Visit http://info.hotims.com/22930-173 for more information.
Apollo Physical Therapy Products (Redwood City, CA) provides therapeutic lasers with 2000-mW, 500-mW, or 250-mW laser probes that require treatment times of as little as 1 to 2 minutes. The lasers are used to treat a variety of pain syndromes, injuries, wounds, fractures, and neurological conditions. The company’s portable laser system is designed for field use or multi-office use. A Desktop Laser System for clinic environments holds two probes, allowing the user to switch from pain treatments to laser acupuncture. The Apollo 2009 Laser System enables user-controlled treatment times selectable between 10 seconds and 2 minutes and is FDA cleared.
Visit http://info.hotims.com/22930-174 for more information.
Cynosure (Westford, MA) offers an over-the-counter laser that is cleared for laser cellulite treatment and temporary cellulite reduction. The TriActive Cellulite Workstation smoothes and tones the skin anywhere on the body. The system uses a mechanical massage/ rhythmic aspiration technique that distends the skin in various directions to enhance microcirculation, thereby increasing skin elasticity and improving lymphatic drainage. Six diode lasers penetrate tissue to stimulate fibroblasts for collagen production.
TriActive also features therapeutic massage functionality for relief of muscle pain. The system can be used in combination with other therapies to enhance the outcomes of surgical and non-surgical procedures such as liposuction and dermal fillers.
Visit http://info.hotims.com/22930-175 for more information.
The FDA and Lasers
Some lasers have been cleared by the U.S. Food & Drug Administration (FDA) for medical uses. Usually, the FDA gives manufacturers general surgical clearances, but in order to promote the laser for a specific surgical procedure, manufacturers must first provide the FDA with clinical evidence that their lasers are safe and effective for that specific procedure. States regulate who can use lasers for various therapeutic procedures.
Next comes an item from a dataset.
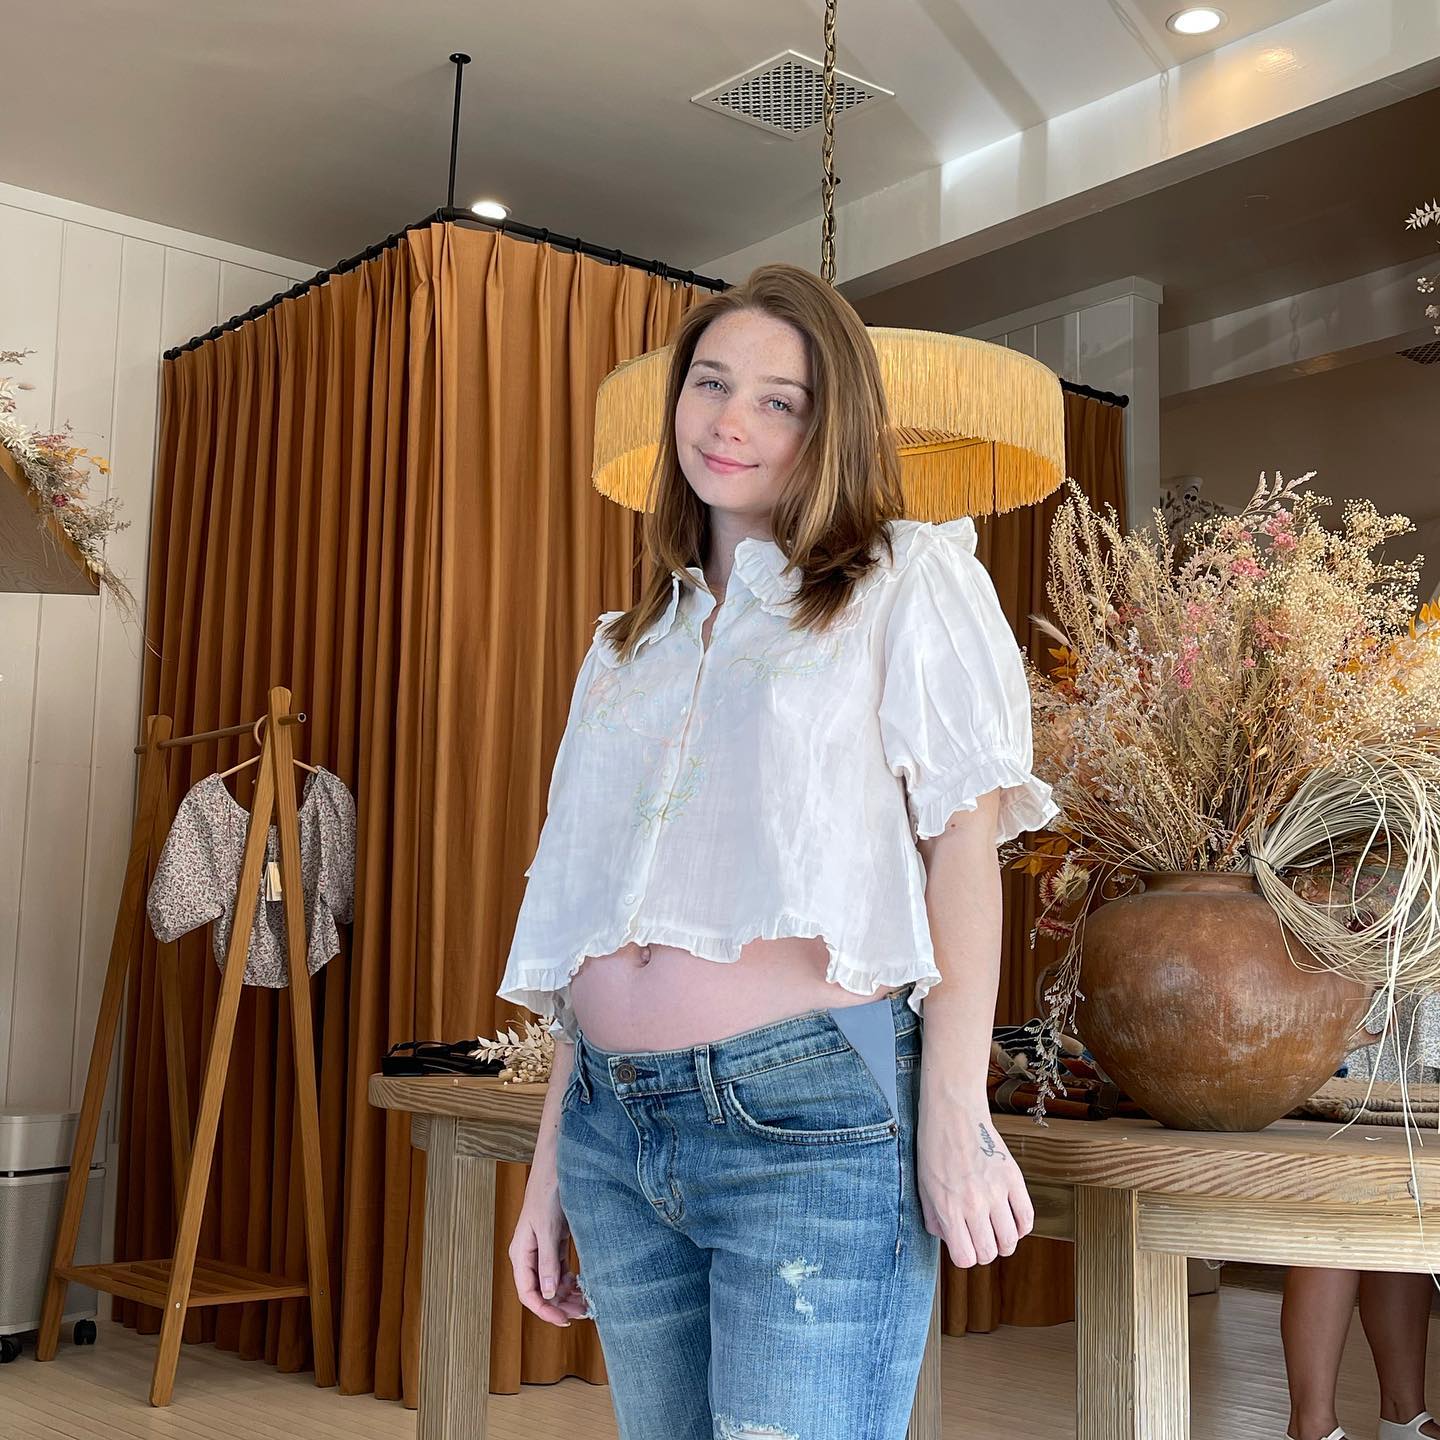 Jessica Barden shows off her baby bump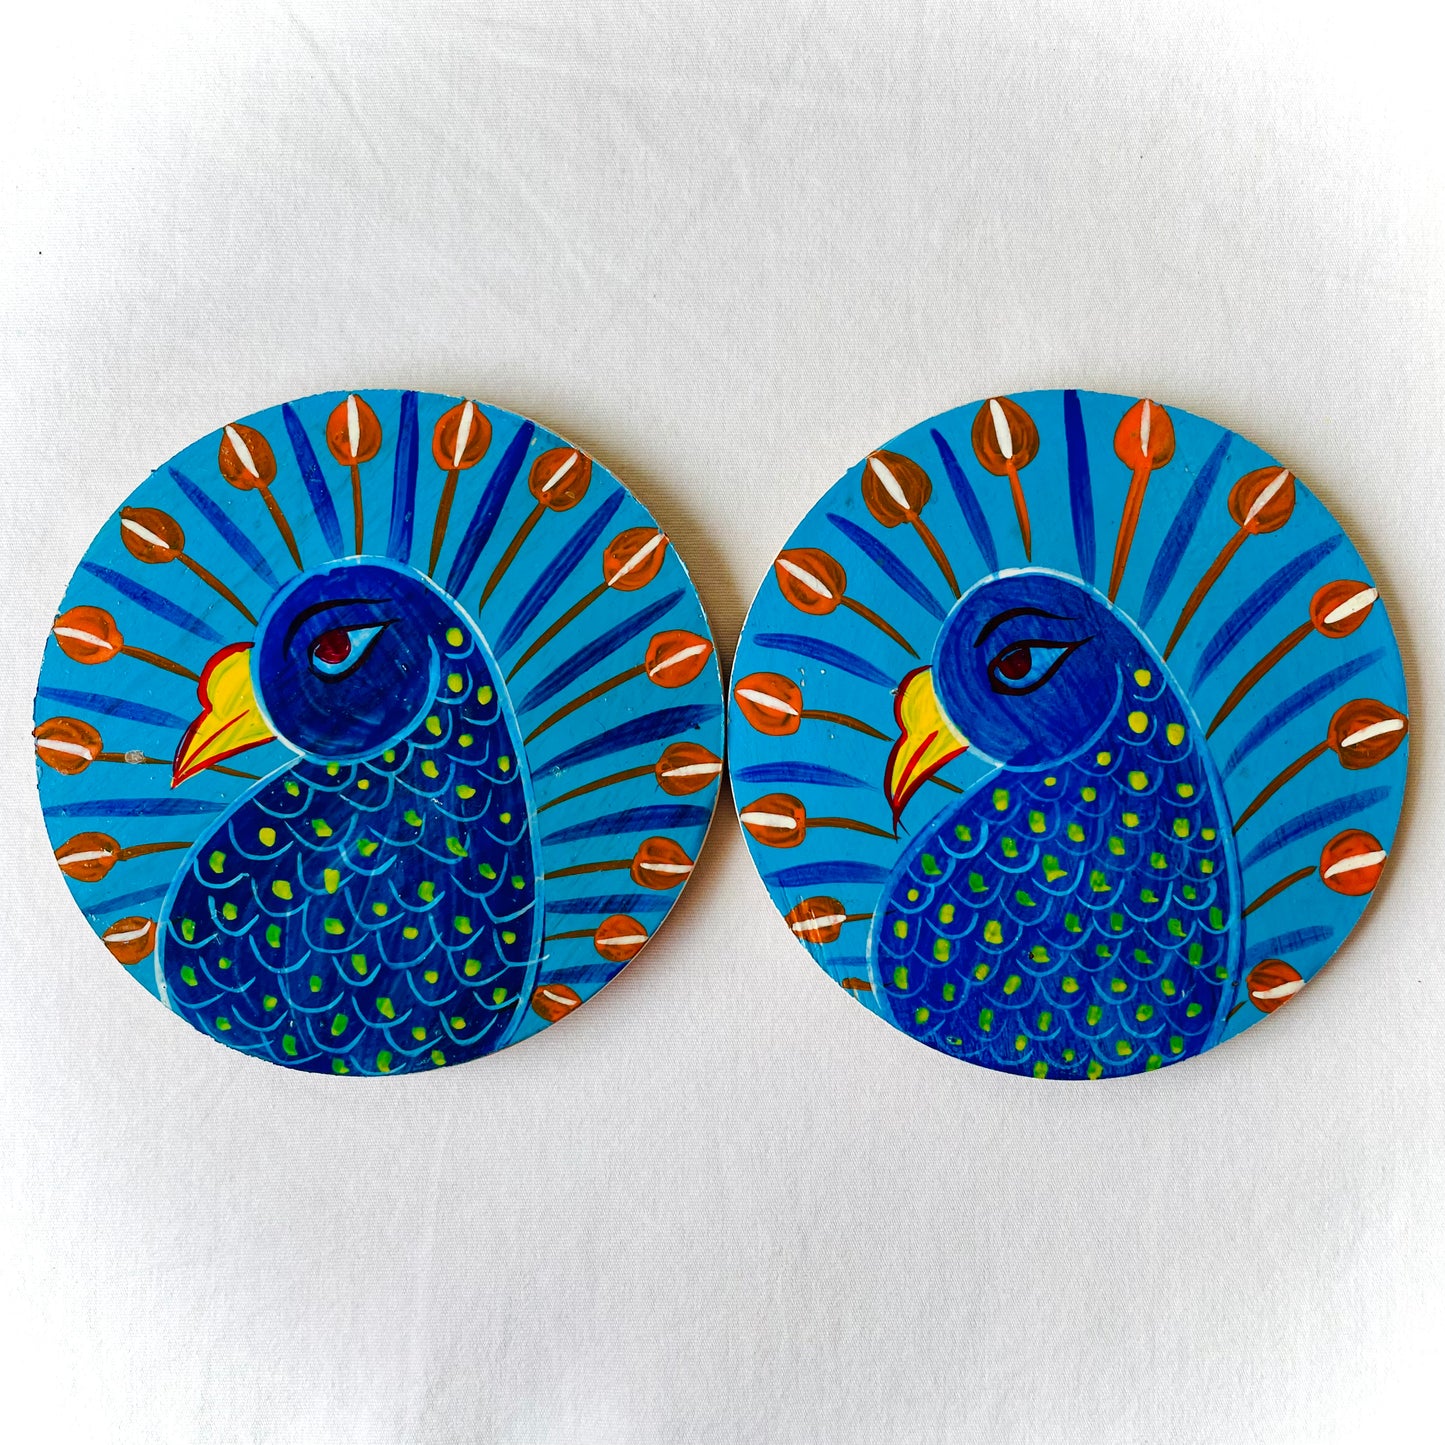 Two round wood coasters displayed against a white background, feature two peacocks with blue bodies, red feathers and yellow beaks

Biostimulation lasers, cold lasers, or laser acupuncture devices, were cleared for marketing by the FDA as adjunctive devices for the temporary relief of pain. All laser devices distributed for both human and animal treatment in the U.S. are subject to mandatory performance standards that specify the safety features and labeling that all laser products must have in order to provide adequate safety to users and patients. Certification of a laser product means that each unit has passed a quality assurance test and that it complies with the performance standard.